Cast
- Starring John Barrowman – Captain Jack Harkness; Eve Myles – Gwen Cooper; Burn Gorman – Owen Harper; Naoko Mori – Toshiko Sato; Gareth David-Lloyd – Ianto Jones;
- Others Kai Owen – Rhys Williams; Louise Delamere – Diane; Mark Lewis Jones – John Ellis; Olivia Hallinan – Emma; Sam Beazley – Alan Ellis; Marion Fenner – Nurse; Janine Carrington – Alesha; Rhea Bailey – Jade; Andrew MacBean – Flying instructor; Ciaran Dowd – Barman;

Production
- Directed by: Alice Troughton
- Written by: Catherine Tregenna
- Script editor: Brian Minchin
- Produced by: Richard Stokes Chris Chibnall (co-producer)
- Executive producers: Russell T Davies Julie Gardner
- Music by: Ben Foster
- Production code: 1.10
- Series: Series 1
- Running time: 50 mins
- First broadcast: 17 December 2006

Chronology
| ← Preceded by "Random Shoes" | Followed by → "Combat" |

= Out of Time (Torchwood) =

2006 Torchwood episode

"Out of Time" is the tenth episode of the first series of the British science fiction television series Torchwood, which was originally broadcast on the digital television channel BBC Three on 17 December 2006.

The episode involves the alien-hunting team Torchwood taking care of and trying to acclimatise a pilot and two passengers of an aircraft from 1953 who were brought forward to early 21st-century Cardiff.

== Plot ==
The vintage biplane airliner the Sky Gypsy passes through the Rift from 1953 to the present.
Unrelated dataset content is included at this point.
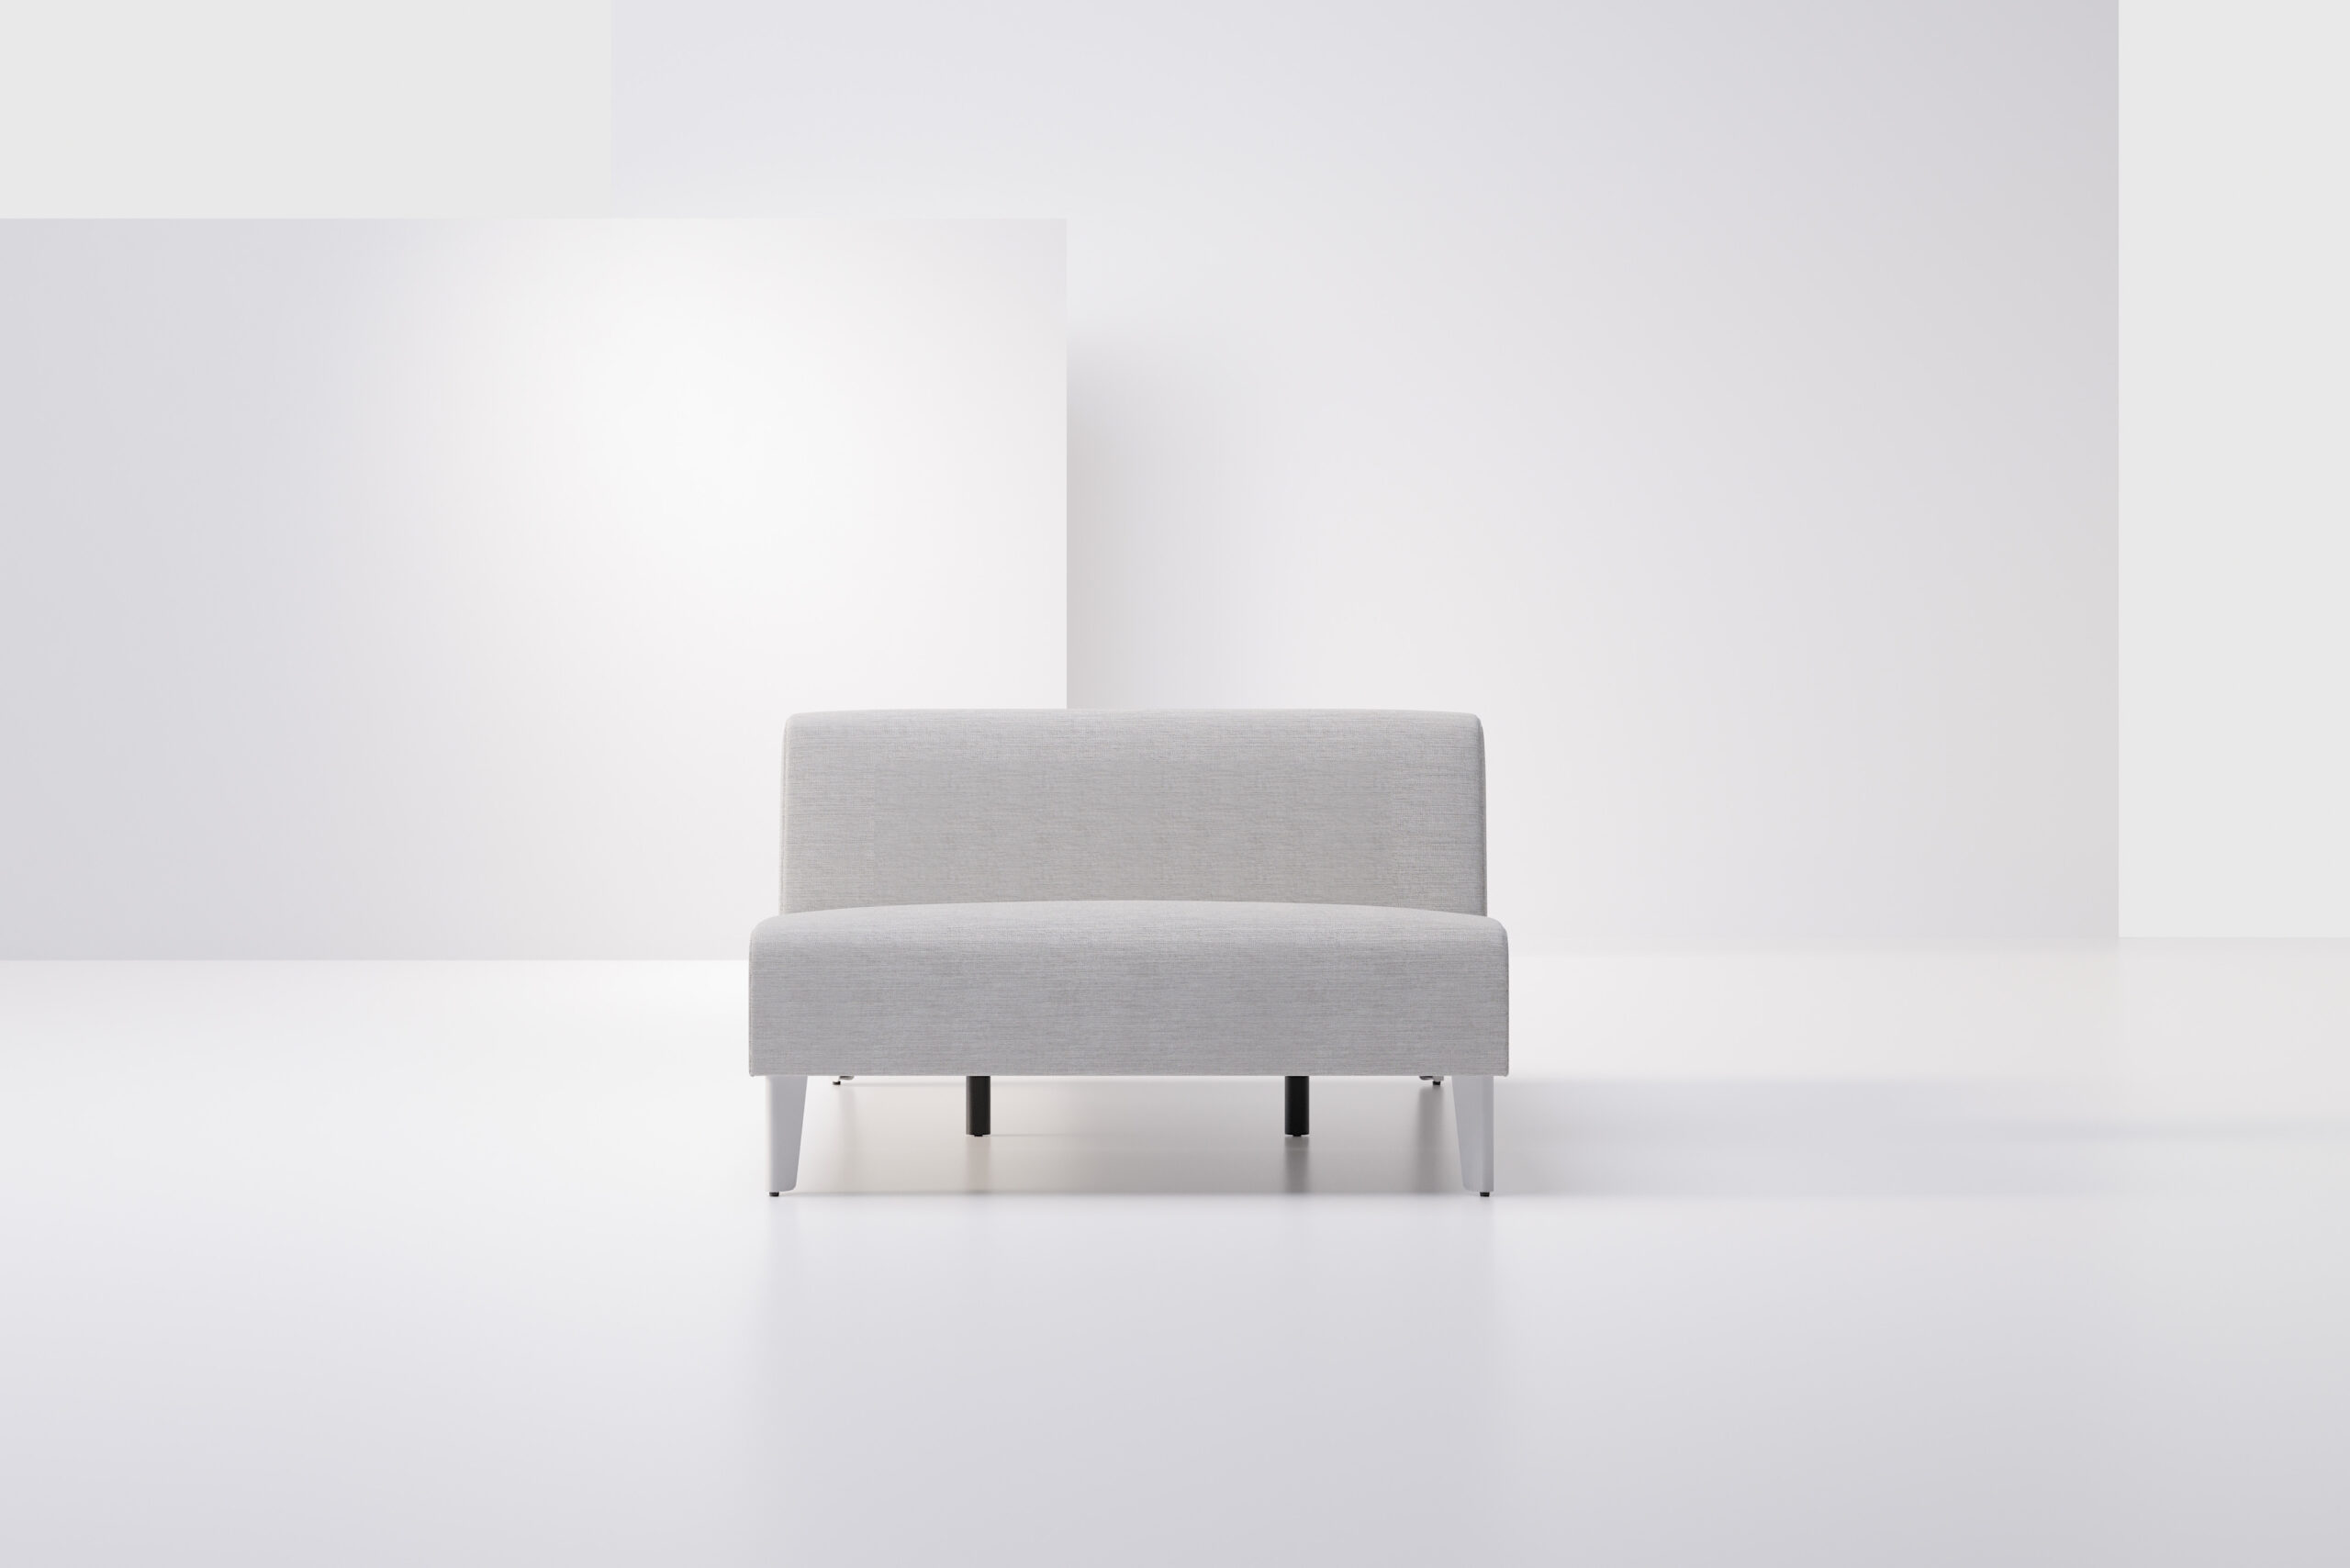 Avila Double Sided Sofa Featured Product Image

Torchwood help the three people on board, pilot Diane Holmes and passengers Emma Louise Cowell and John Ellis, with room and board while assisting them in adapting to modern conveniences. The three travelers separate, pairing off with members of Torchwood.
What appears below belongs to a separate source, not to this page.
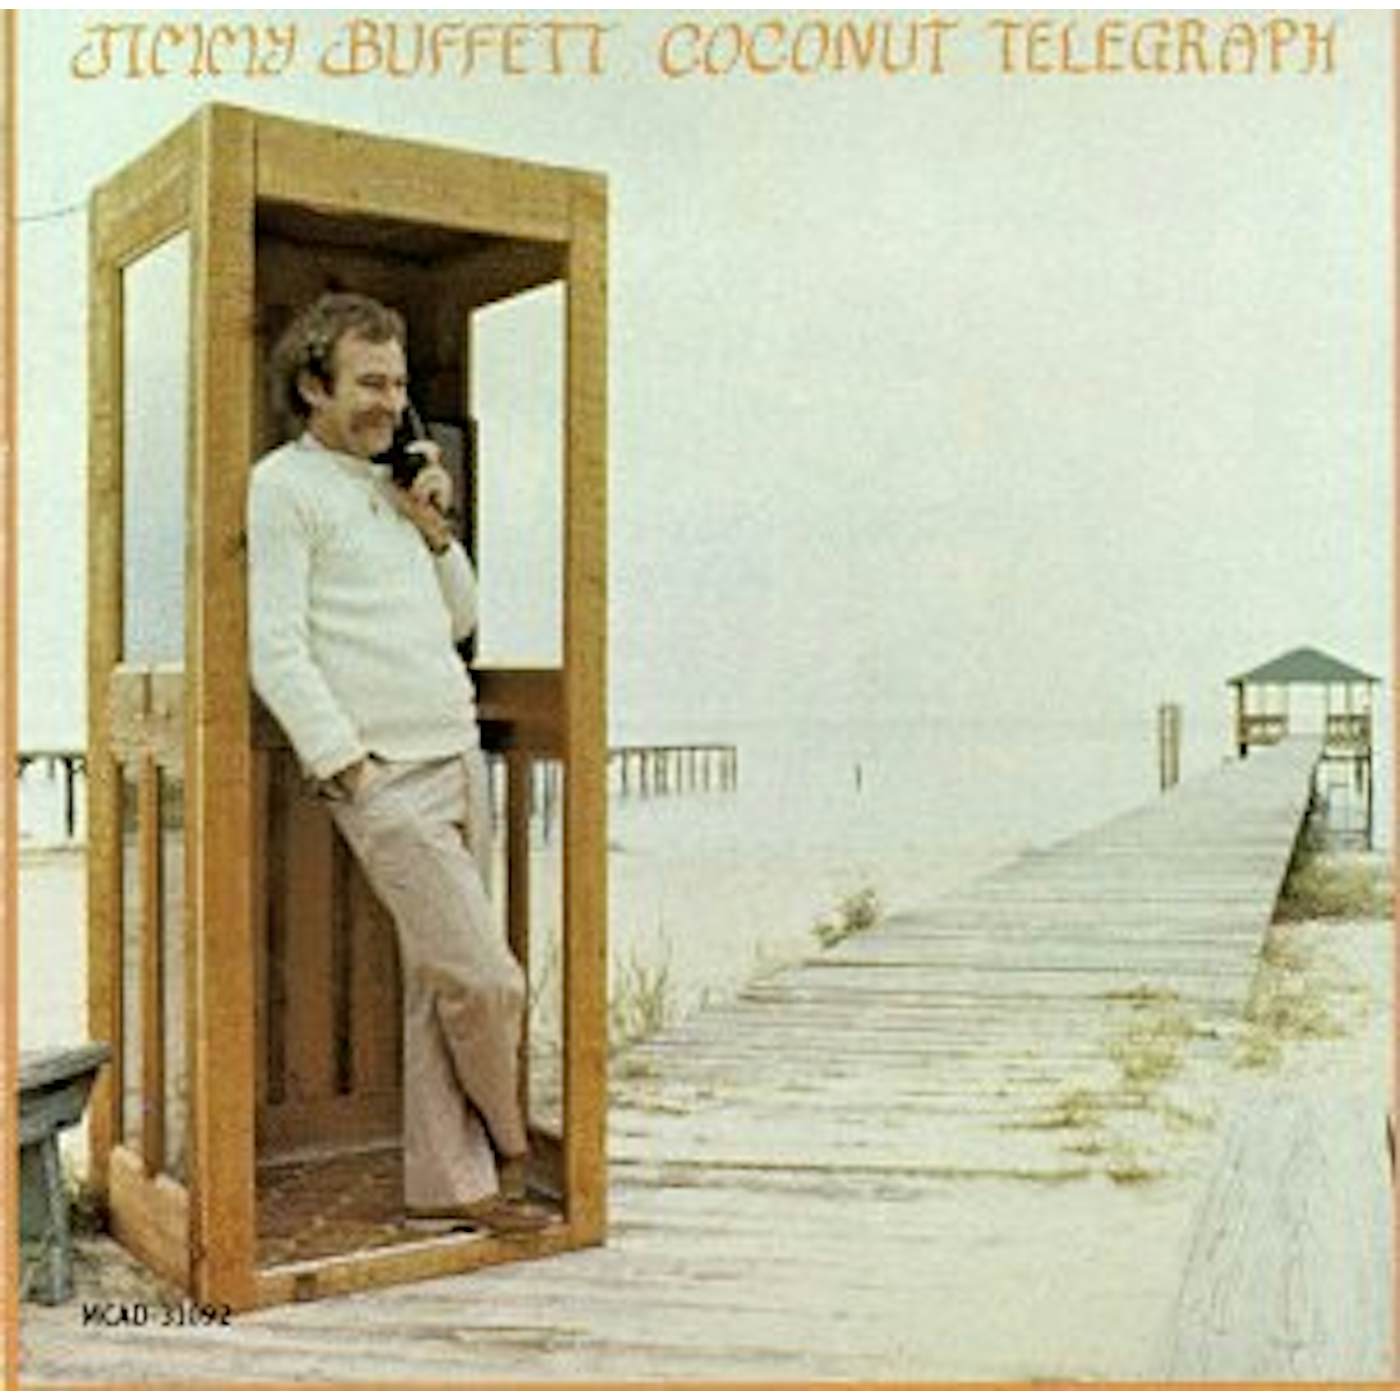 Jimmy Buffett COCONUT TELEGRAPH CD

Owen tries to help Diane to get flying lessons so she can pilot a modern aircraft, but finds that she will have to wait weeks to take them, but airplanes of today are largely flown via instruments and autopilot, much to Diane's disappointment as she does not believe it constitutes "real flying". Her biplane licence has also expired. After a romantic night with Owen, Diane secretly leaves to fly the Sky Gypsy off through the same pattern, hoping to fly through the Rift back to 1953, but if not to simply explore the world. Owen realises that their relationship is different than any he's had before; he actually loves her as a person, rather just being attracted to her sexually. When he wakes up, Owen warns her that she may end up anywhere, but she refuses to heed his advice before she flies off.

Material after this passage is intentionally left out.